**What is being asked**
An exact copy of all the data is required, with pictures left out.

**Data below**
• • •

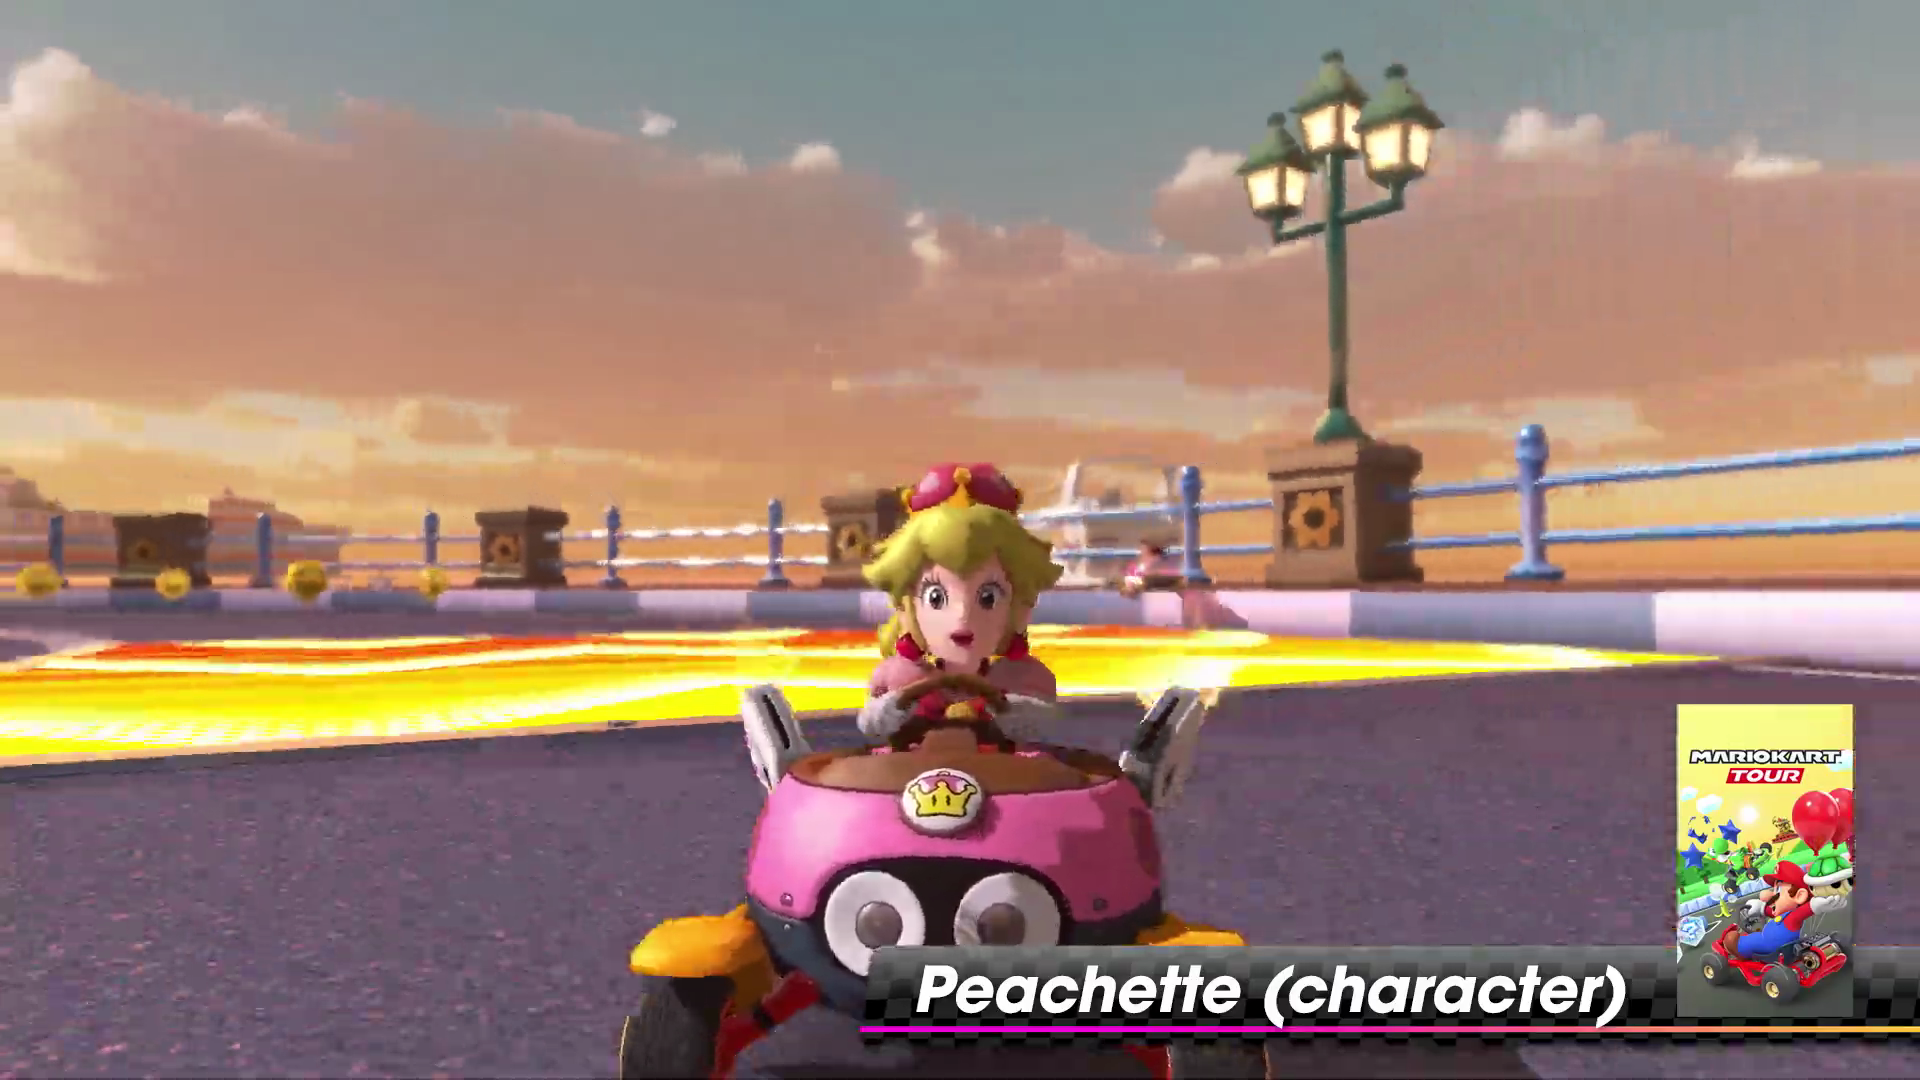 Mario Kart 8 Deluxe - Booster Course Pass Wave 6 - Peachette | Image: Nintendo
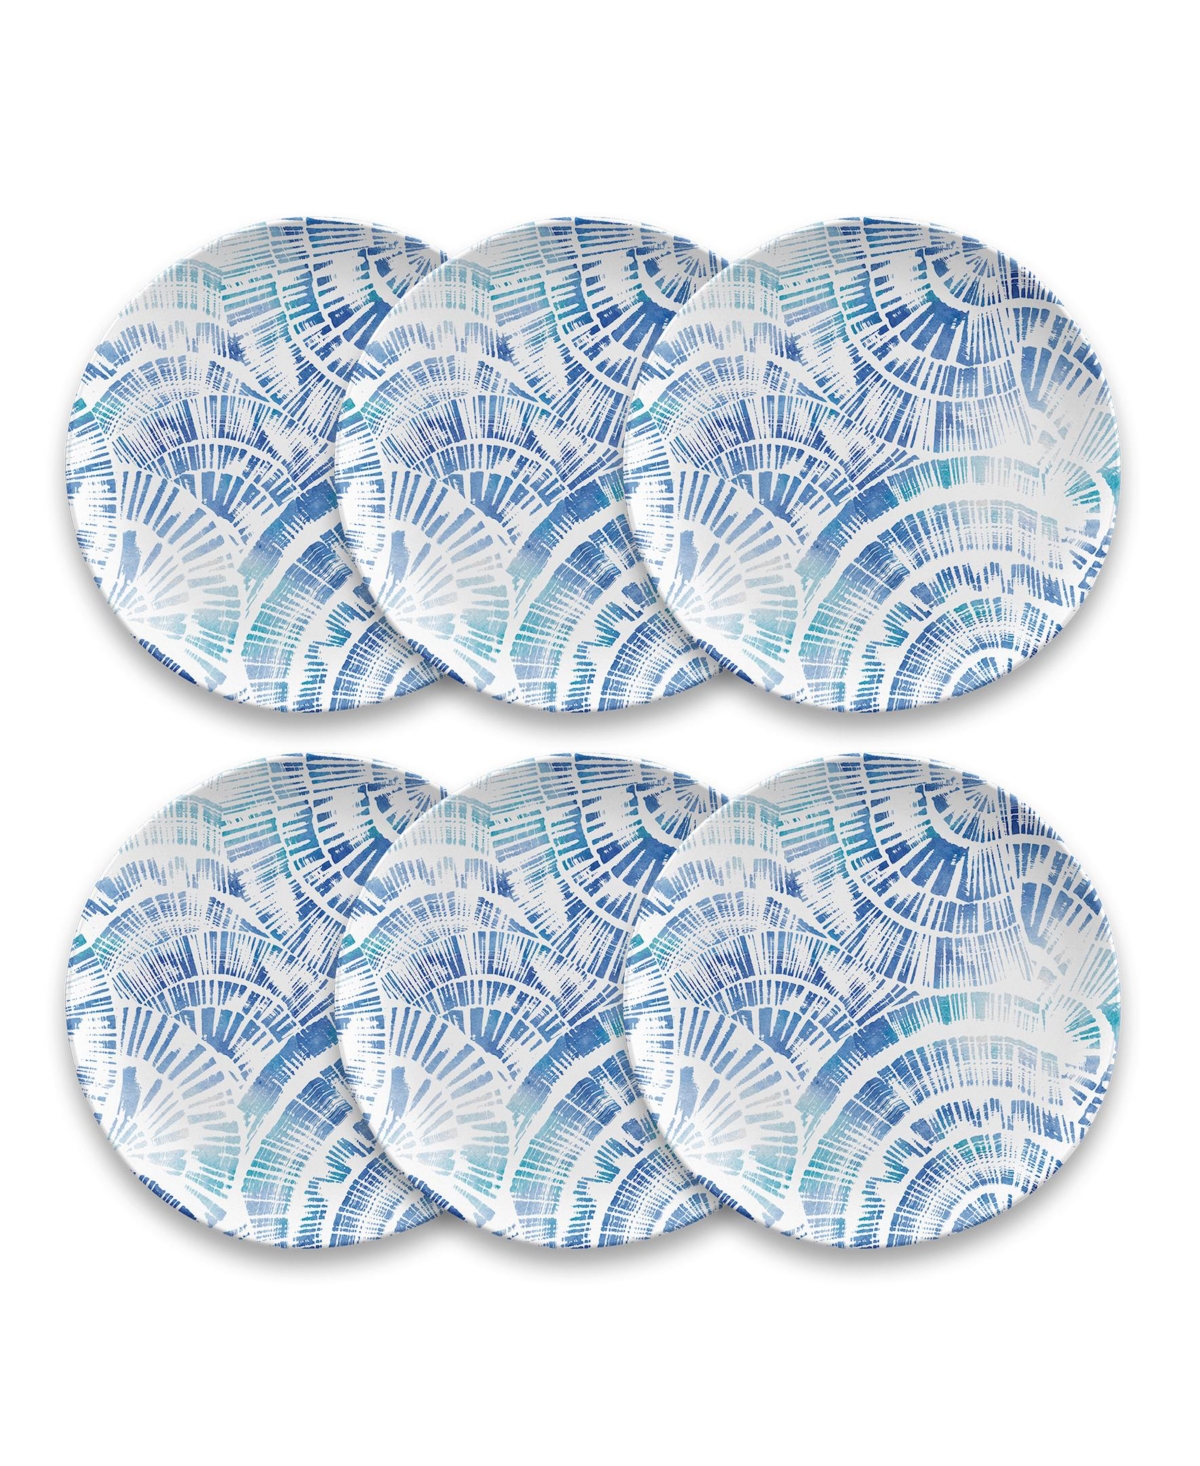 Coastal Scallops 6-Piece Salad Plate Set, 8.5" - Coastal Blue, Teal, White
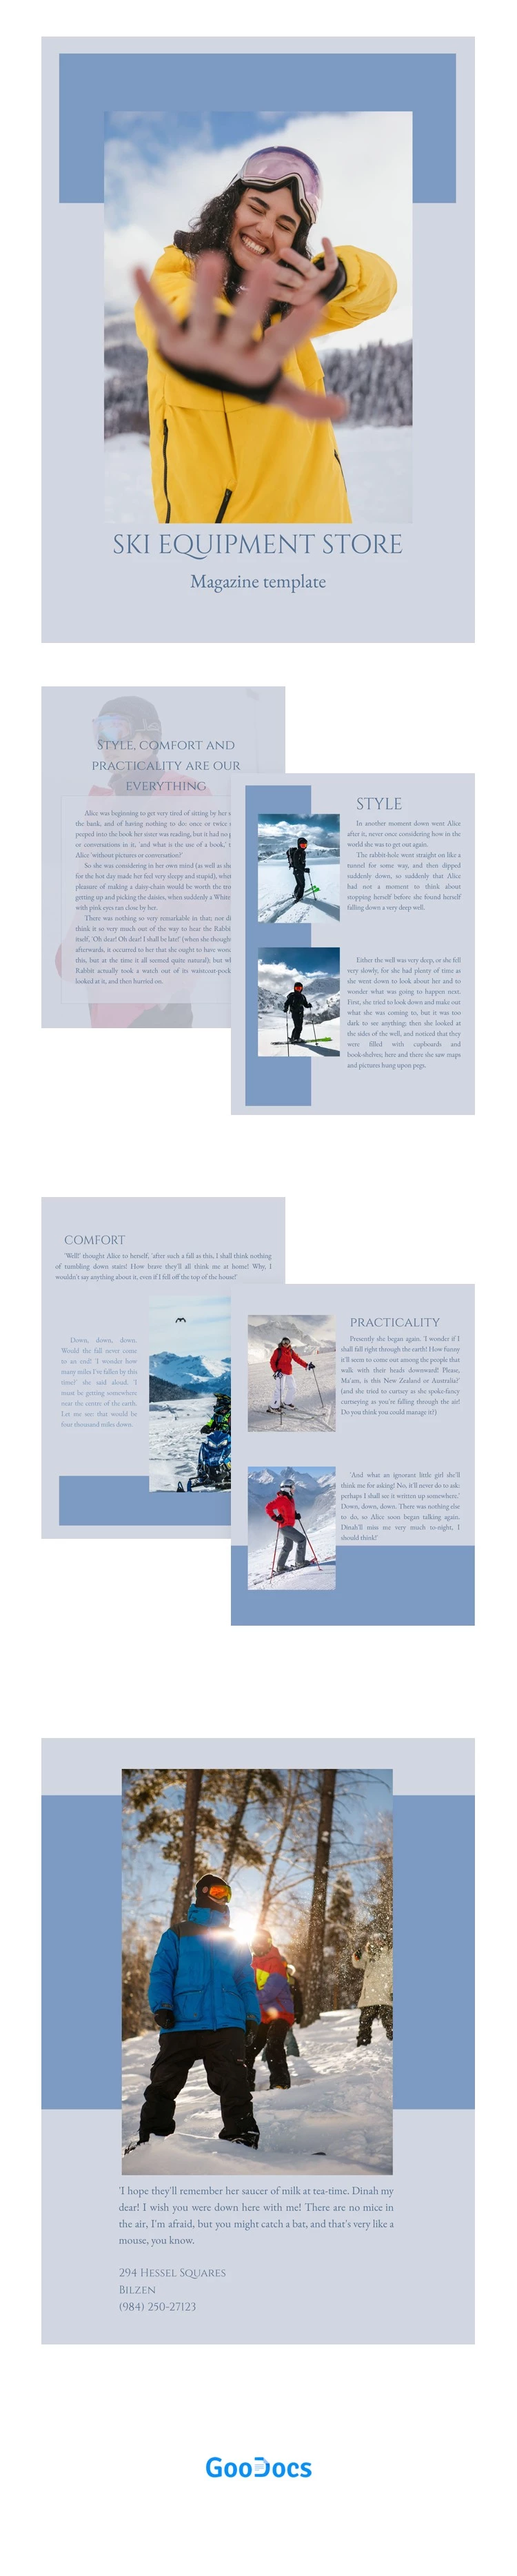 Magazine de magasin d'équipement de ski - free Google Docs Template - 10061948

• • •

**Answer space**
 Mario Kart 8 Deluxe - Booster Course Pass Wave 6 - Peachette | Image: Nintendo
 Coastal Scallops 6-Piece Salad Plate Set, 8.5" - Coastal Blue, Teal, White
 Magazine de magasin d'équipement de ski - free Google Docs Template - 10061948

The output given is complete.